The temperature dependence of the resistance of the MnTe devices and the MnTe films with patterned W electrodes was also investigated using the two-point probe method in the range of 20 °C–370 °C under an Ar/5% H2 mixed gas atmosphere with a heating rate of about 10 °C min−1.

The cross-sectional microstructure of the MnTe device after the RESET operation (i.-e., low- to high-resistance state) was observed using FE-TEM (HF-2000EDX; Hitachi) at an accelerating voltage of 200 kV. To obtain atomic images, we used HR-TEM equipped with an ADF-STEM detector (ARM200F; JEOL). IFFT images were obtained using a Gatan DigitalMicrograph®. TEM samples were thinned using ion milling (PIPS; Gatan) or FIB (JIB-4600F; JEOL). To observe the active region in the MnTe device, the as-fabricated MnTe device was annealed at 500 °C for 10 min, followed by cooling to RT to obtain an α-phase at a low-resistance state with a large grain size (~250 nm); it was then reset by applying 2.9 V for 50 ns before the preparation of the TEM sample. By enlarging the grain size of the α-matrix when annealing at 500 °C, we could observe the boundary between the α-matrix and the active region within the grain. During the RESET operation, the MnTe device switched from low (5.6 × 103 Ω) to high (1.4 × 105 Ω) resistance. STEM energy-dispersive X-ray spectrometry confirmed that there was no interface diffusion between the MnTe and W layers after annealing at 500 °C for 10 min.

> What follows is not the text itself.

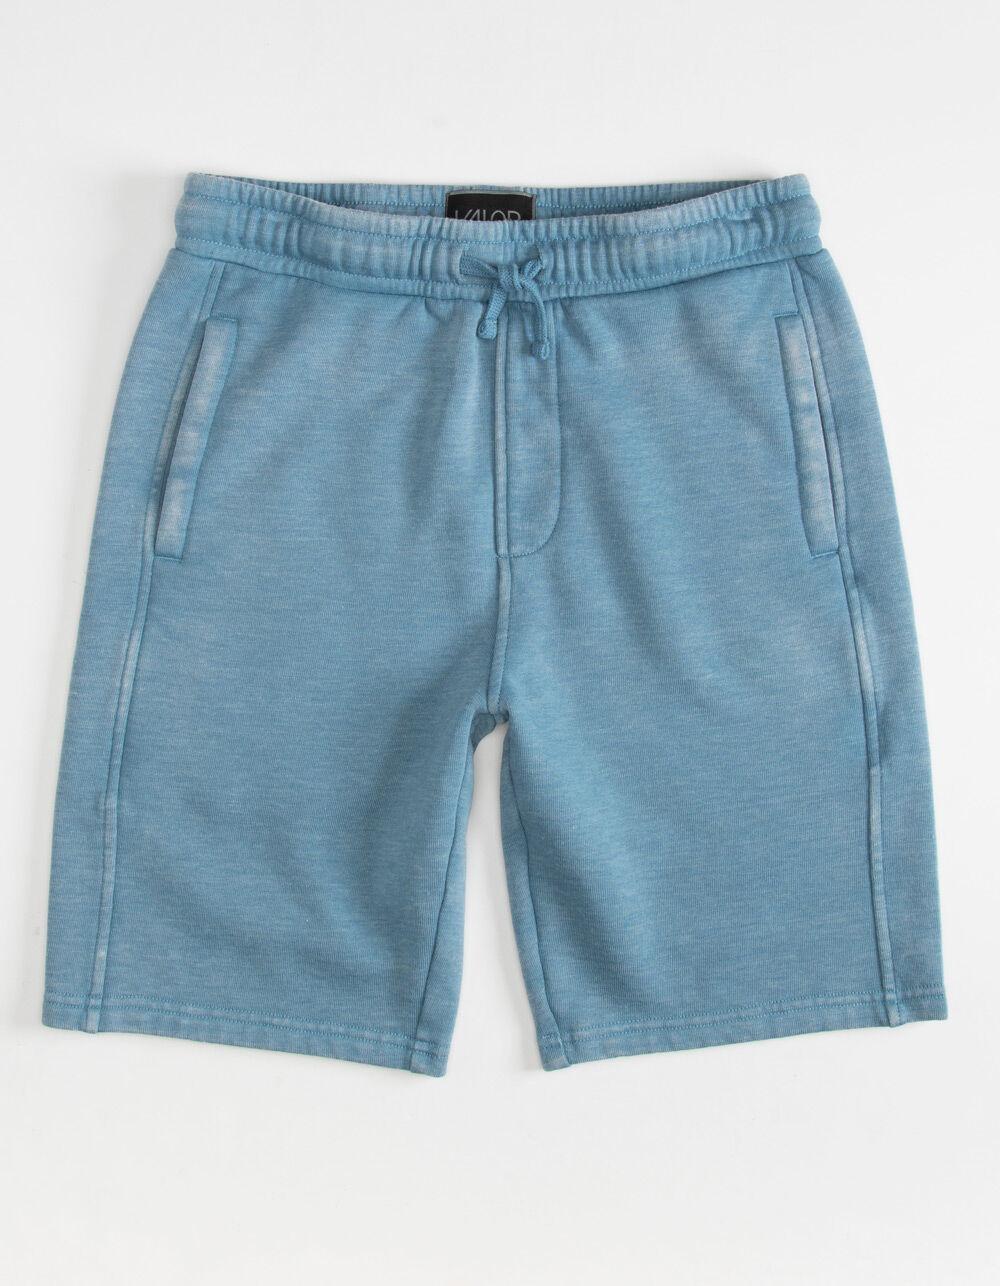 VALOR Phoenix Boys Blue Sweat Shorts
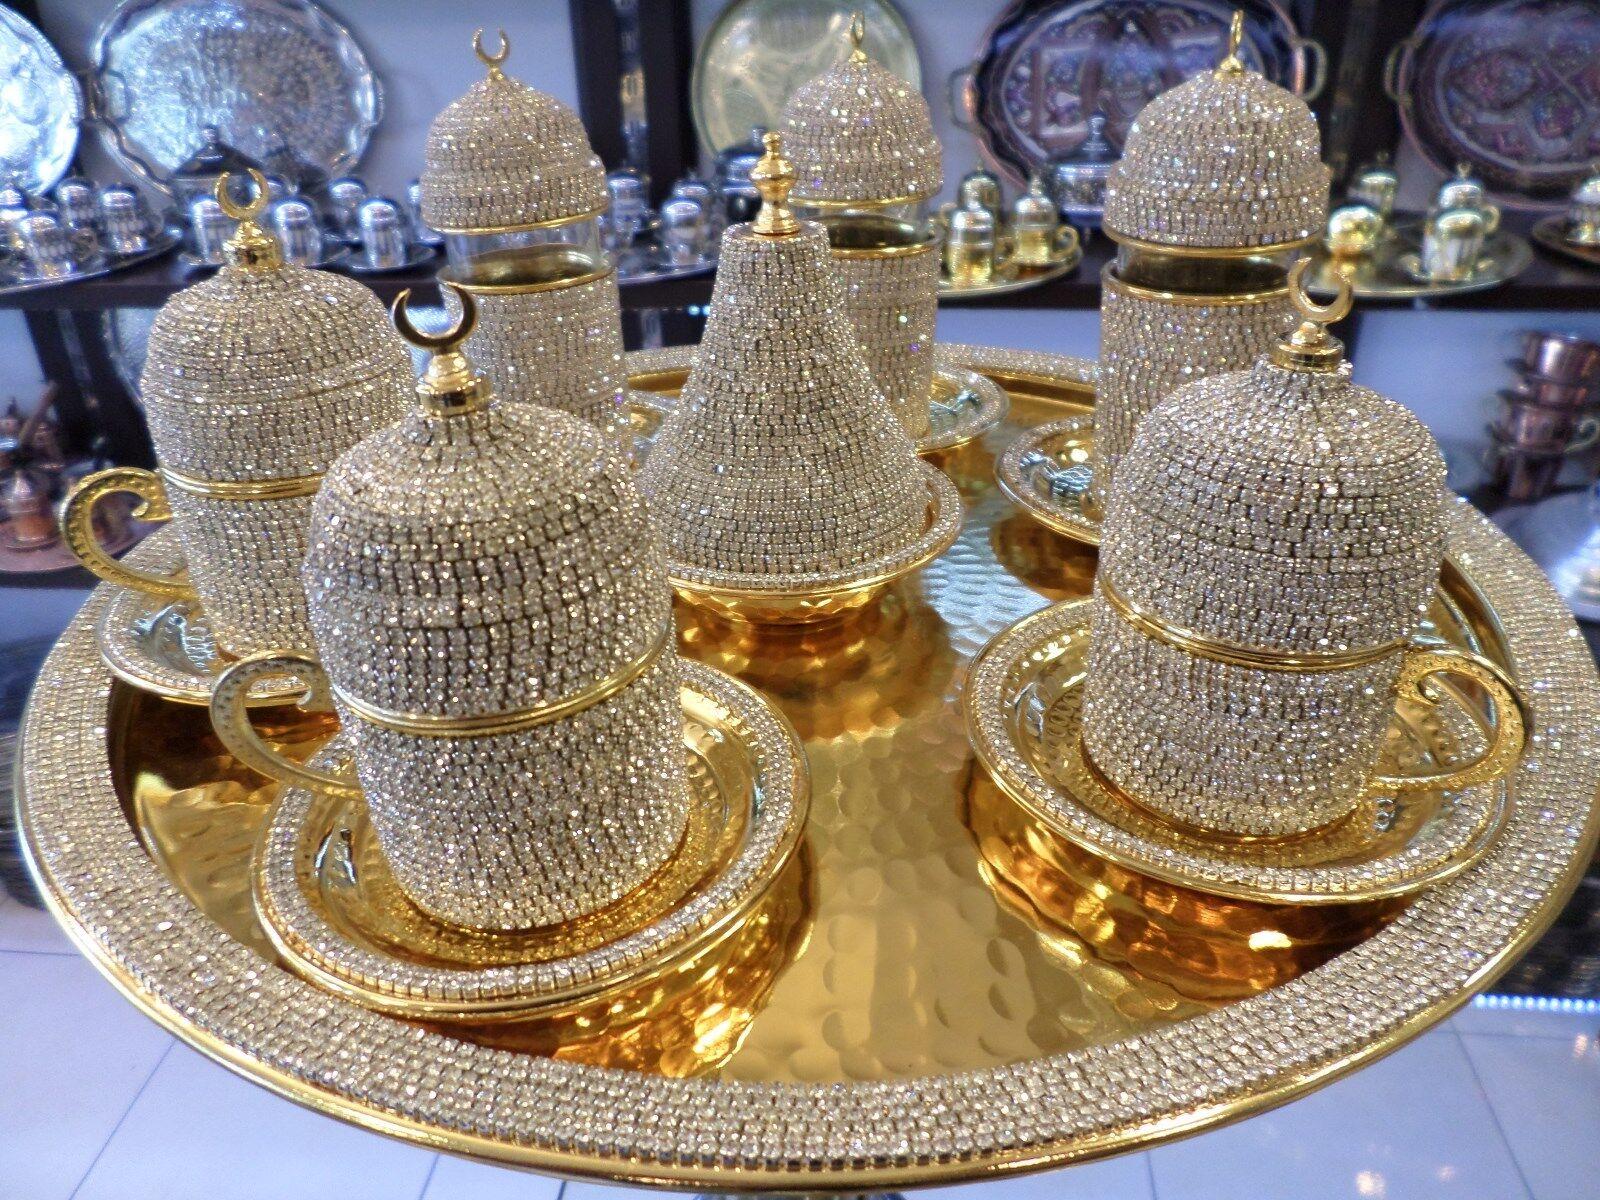 Handmade cuivre Turc Café Expresso Thé Zamzam Serving Set Swarovski Coated

To understand the failure mechanism of the MnTe device, we observed its cross-sectional TEM microstructure, which broke down after SET–RESET operation. The TEM sample was thinned using the FIB technique.

Static laser testing

We investigated whether the thermal energy due to laser irradiation induced any polymorphic changes, by evaluating the reflectance variation using static laser testing. A pump pulse laser with a constant wavelength of 830 nm was used to provide the thermal energy for polymorphic change. The pulse width of the pump laser was fixed to 80 ns. In this test, the normalized reflectance V/V0 was evaluated, where V0 and V were the voltages detected by a photodiode before and after pump pulse laser irradiation and were proportional to the absolute reflectance. The wavelength of the probe laser was 830 nm.

The cross-sectional microstructure of the MnTe film after laser irradiation was observed using the HR-TEM technique. The MnTe film with an α-phase was irradiated with a pulse laser of 55 mW for 80 ns, causing a decrease in reflectance, and the TEM sample was thinned using the FIB technique.